Information supplied:

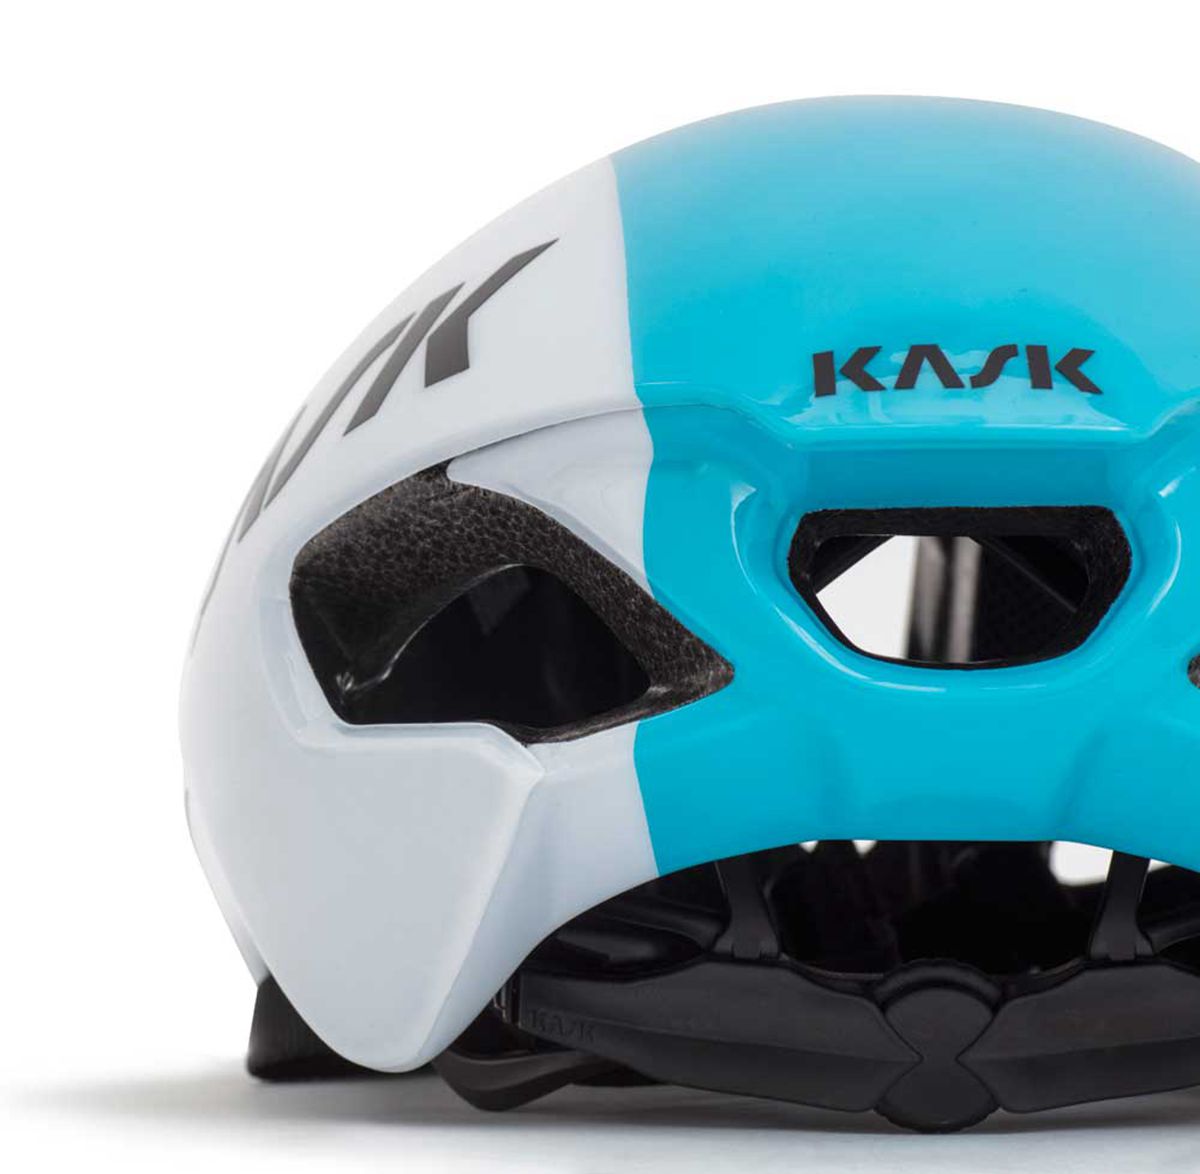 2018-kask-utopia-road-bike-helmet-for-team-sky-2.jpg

--

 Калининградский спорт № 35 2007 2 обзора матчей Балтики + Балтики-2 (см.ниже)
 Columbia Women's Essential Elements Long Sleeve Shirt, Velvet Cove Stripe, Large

What needs to be done:
Would you print exactly, and only, the lines of the data above from the line with "Калининградский спорт №" through the line with "Columbia Women's Essential", inclusive?

Answer:
 Калининградский спорт № 35 2007 2 обзора матчей Балтики + Балтики-2 (см.ниже)
 Columbia Women's Essential Elements Long Sleeve Shirt, Velvet Cove Stripe, Large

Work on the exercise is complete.